Data Catalogs: Implement robust data catalogs for easy discovery and understanding of available data sources.
2. Foster Collaboration with Clear Roles:
Data Mesh Architecture: Break down data silos by creating a distributed data ownership model with clear ownership and responsibilities.
Collaborative Workspaces: Utilize interactive platforms where data scientists, analysts, and domain experts can work seamlessly together.
3. Leverage Advanced Analytics Strategically:
AI-powered Automation: Automate repetitive tasks like data cleaning and feature engineering, freeing up data talent for higher-level analysis.
Right-Tool Selection: Strategically choose the most effective advanced analytics techniques (e.g., AI, ML) based on specific business problems.
4. Prioritize Data Quality with Automation:
Automated Data Validation: Implement automated data quality checks to identify and rectify errors at the source, minimizing downstream issues.
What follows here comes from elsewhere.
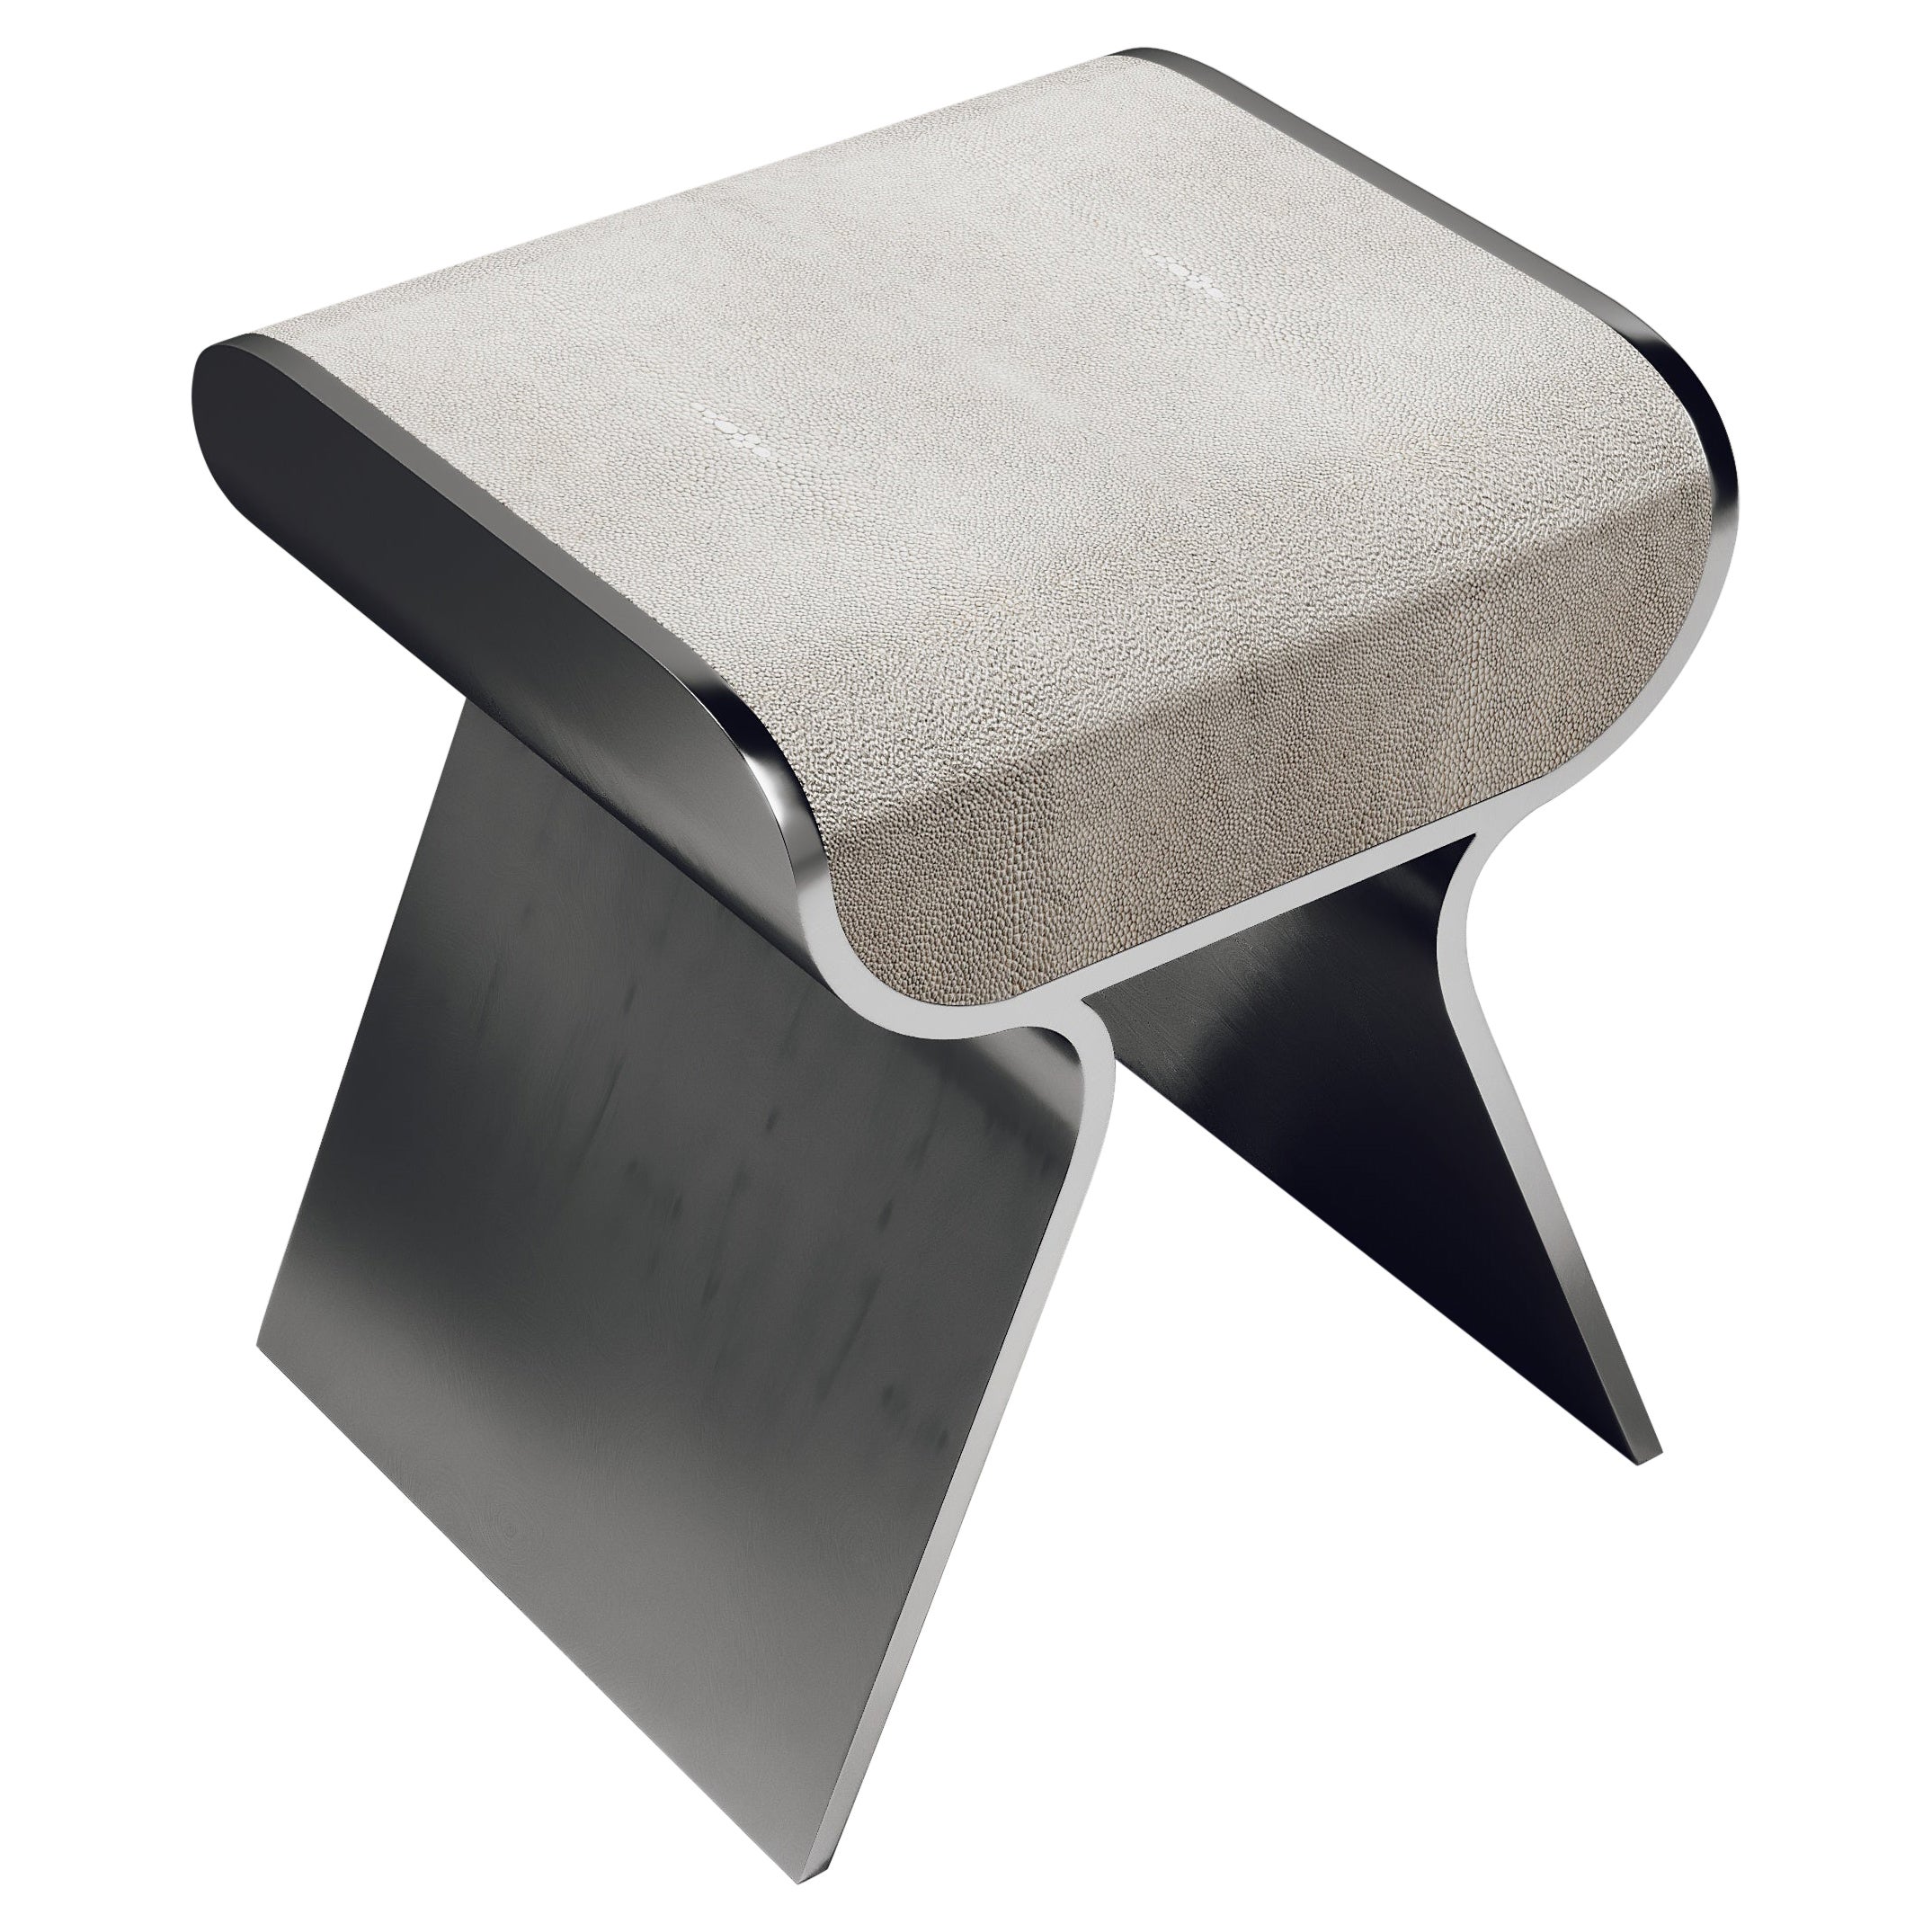 Shagreen Stool with Polished Steel Accents by Kifu Paris

Data Lineage Tracking: Track the flow of data throughout the ecosystem, ensuring transparency and facilitating root cause analysis for errors.
5. Cultivate a Data-Driven Mindset:
Metrics-Driven Performance Management: Align KPIs and performance metrics with data-driven insights to ensure actionable decision making.
Data Storytelling Workshops: Equip stakeholders with the skills to translate complex data findings into compelling narratives that drive action.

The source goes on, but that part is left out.